Task statement -
Starting with the line that has "1 Light Mini" in the records below and ending with the line that has "Russian Math Worksheets Best", output those lines exactly and nothing more; omit the pictures.

Exercise data -

--- START ---

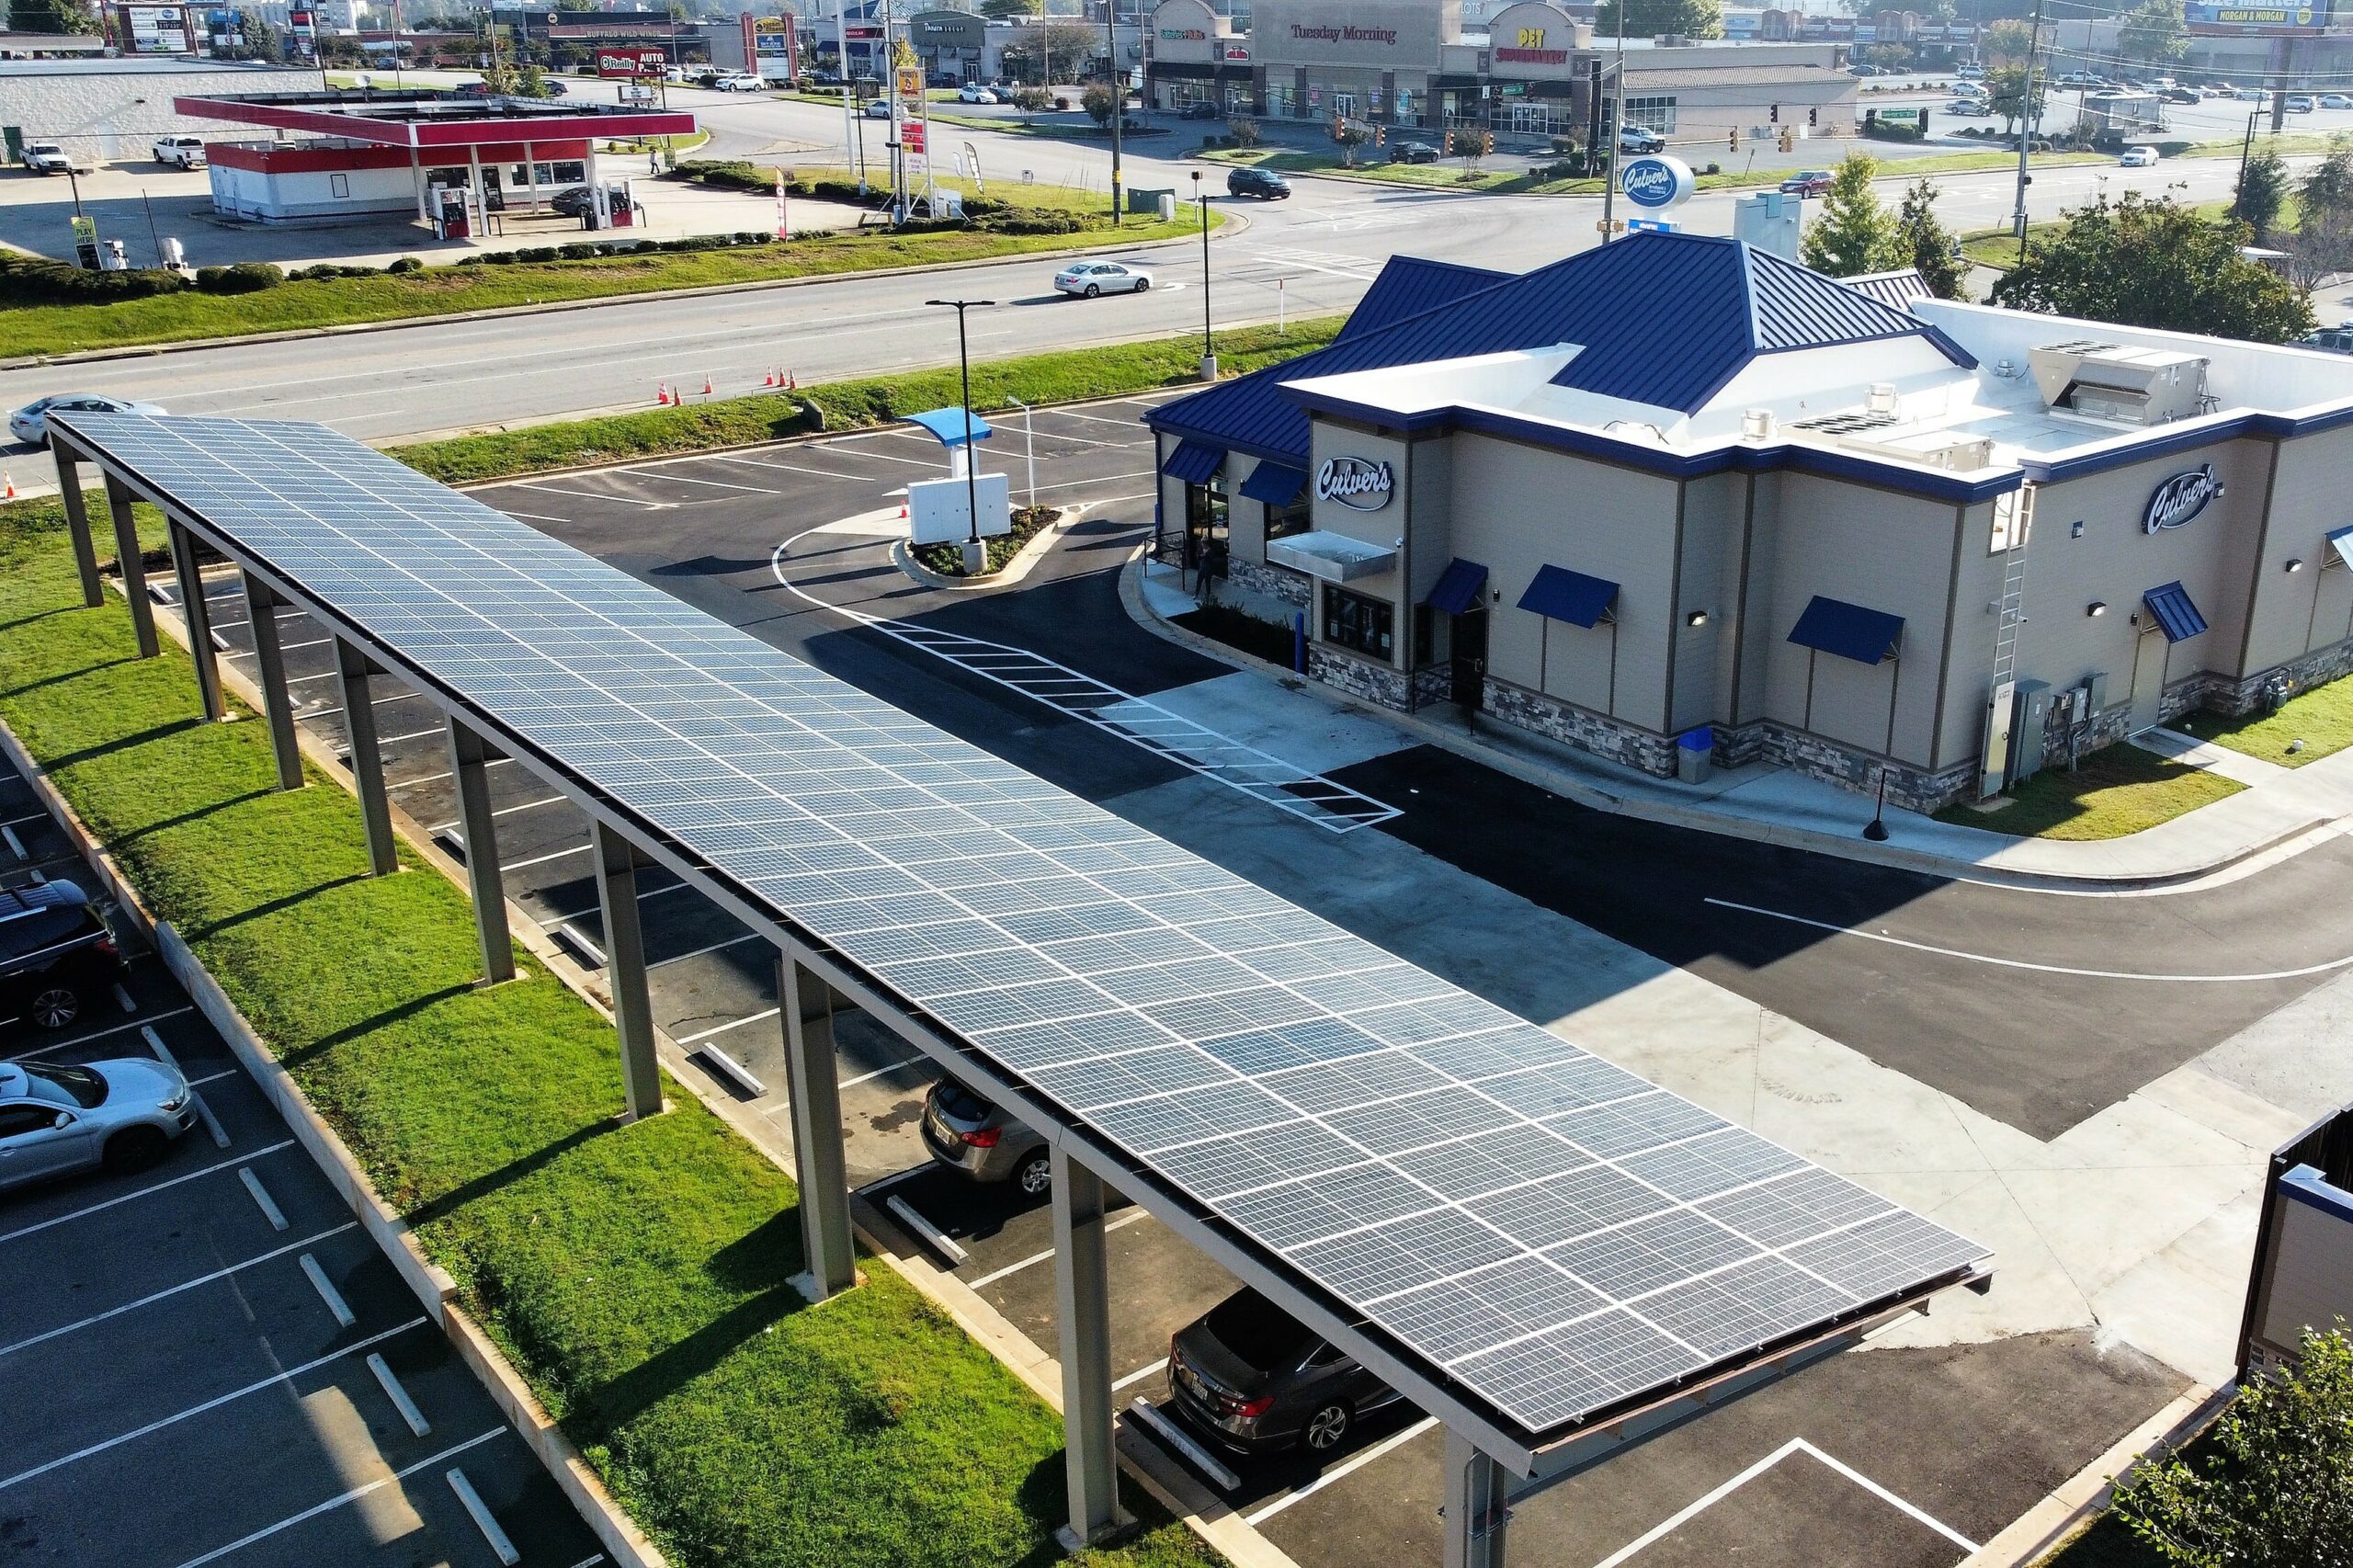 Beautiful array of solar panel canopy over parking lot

--- END ---
--- START ---

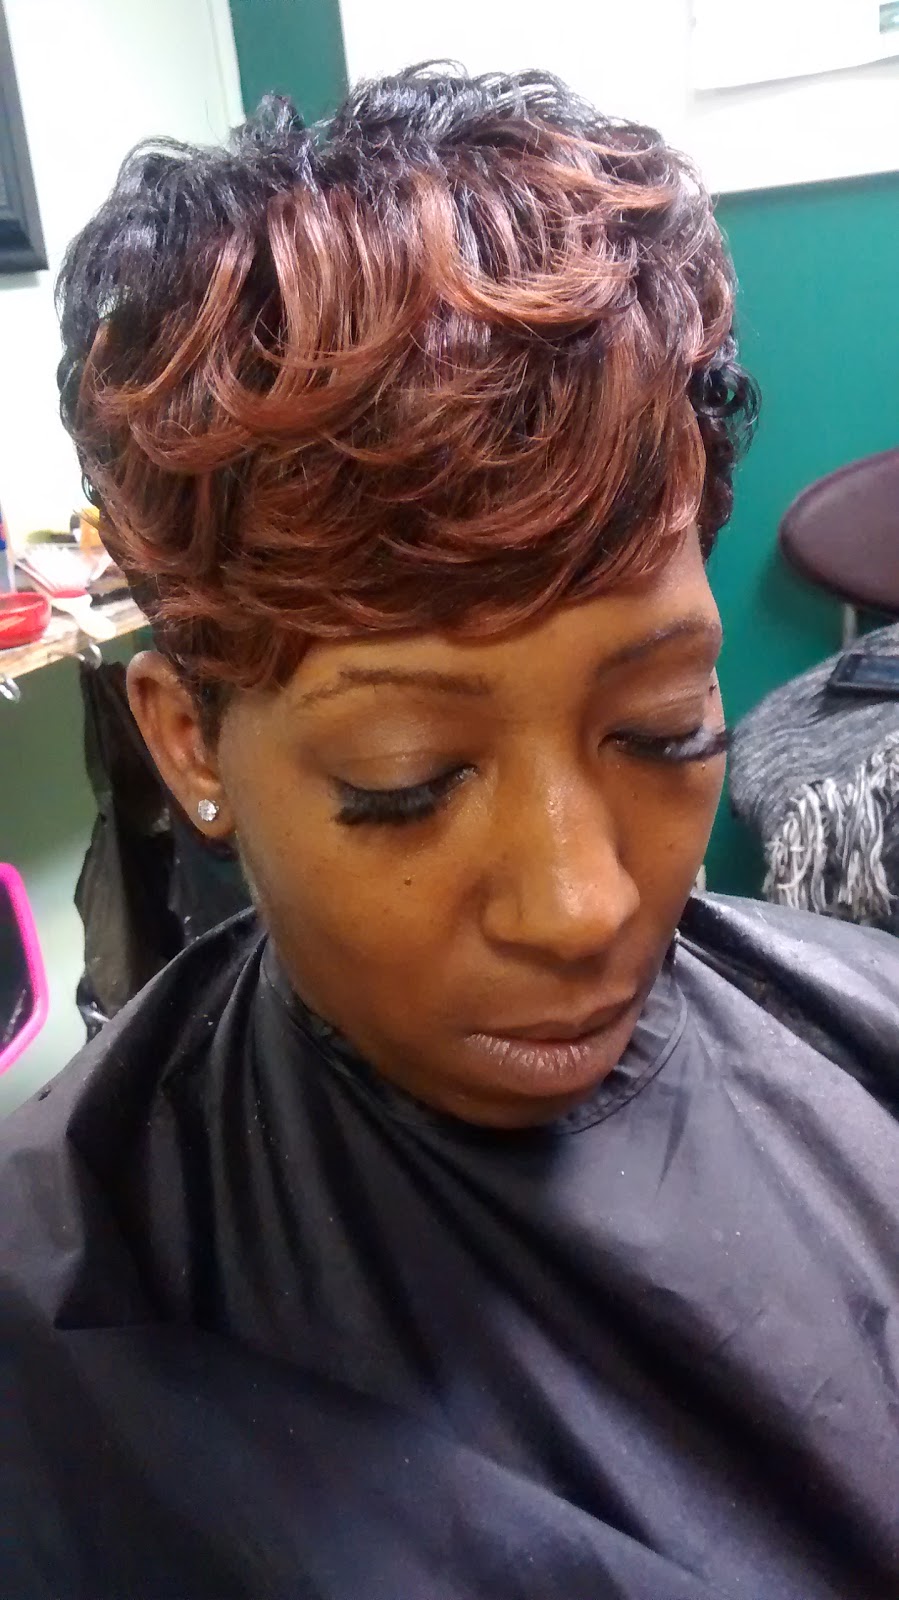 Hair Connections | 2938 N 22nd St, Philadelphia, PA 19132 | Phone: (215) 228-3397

--- END ---
--- START ---

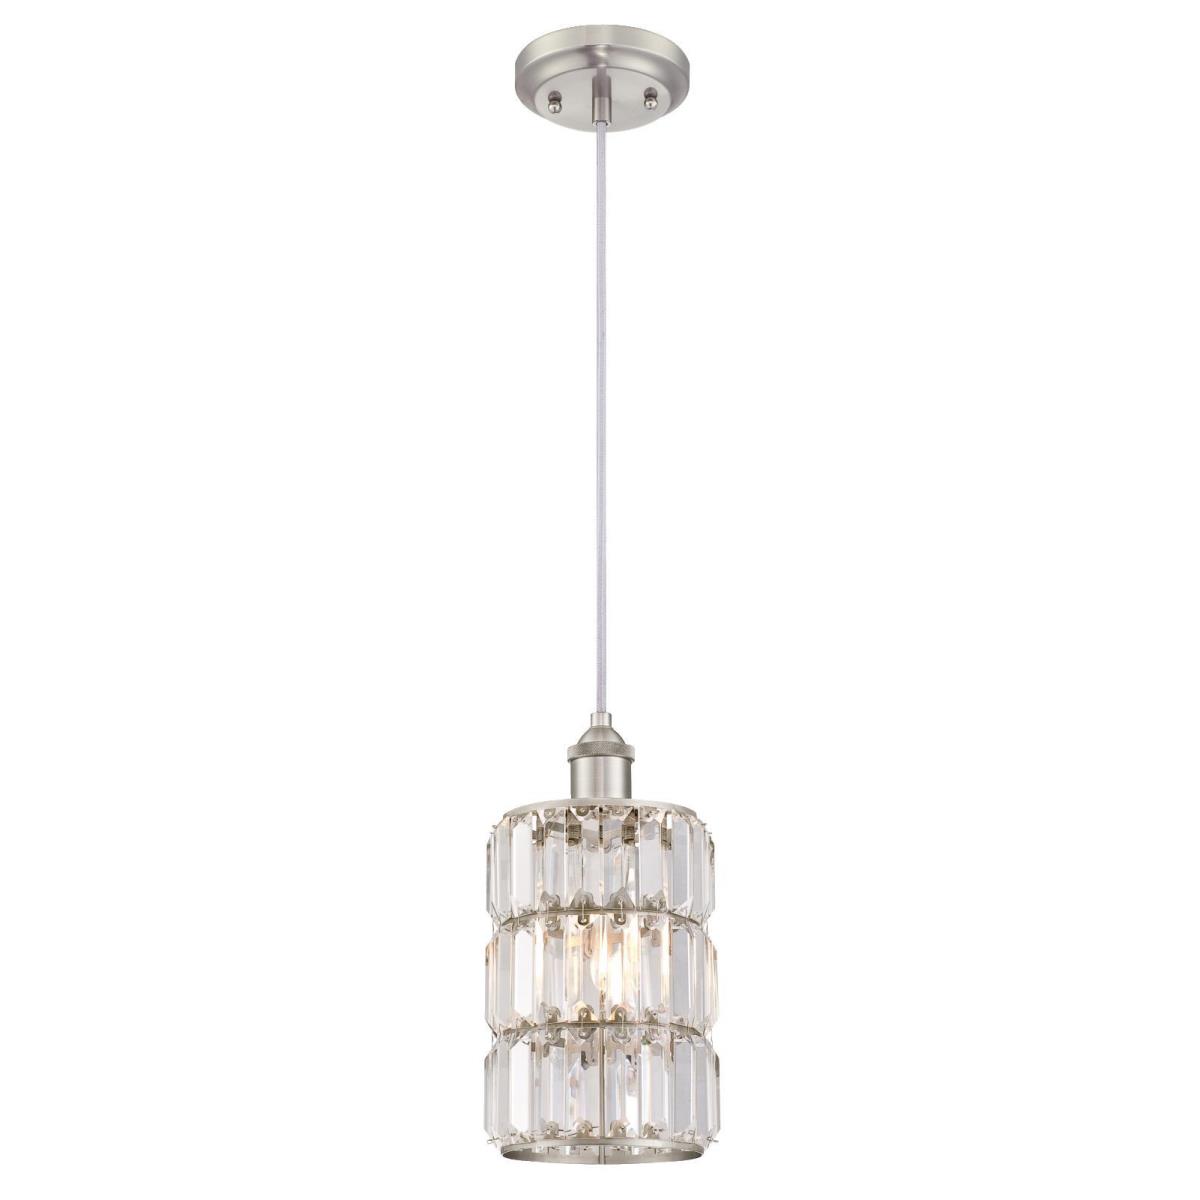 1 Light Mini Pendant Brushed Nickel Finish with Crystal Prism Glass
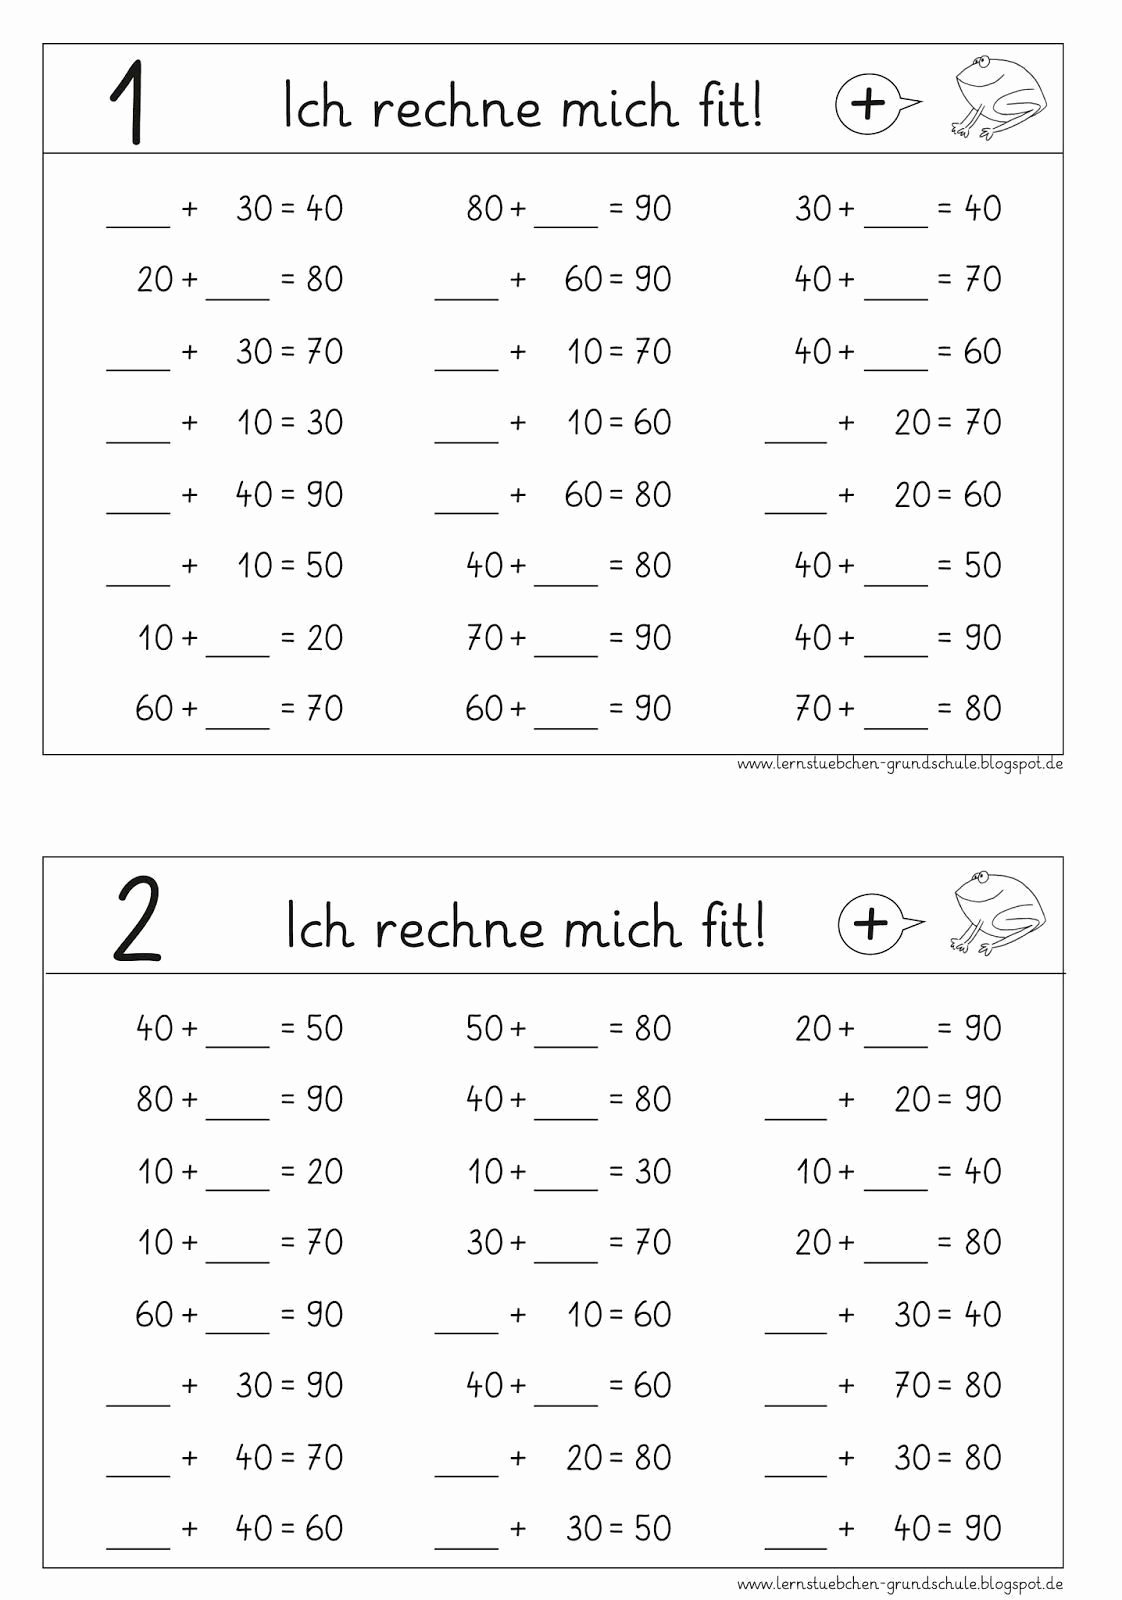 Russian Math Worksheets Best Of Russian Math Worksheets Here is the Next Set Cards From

--- END ---

Written reply -
 1 Light Mini Pendant Brushed Nickel Finish with Crystal Prism Glass
 Russian Math Worksheets Best Of Russian Math Worksheets Here is the Next Set Cards From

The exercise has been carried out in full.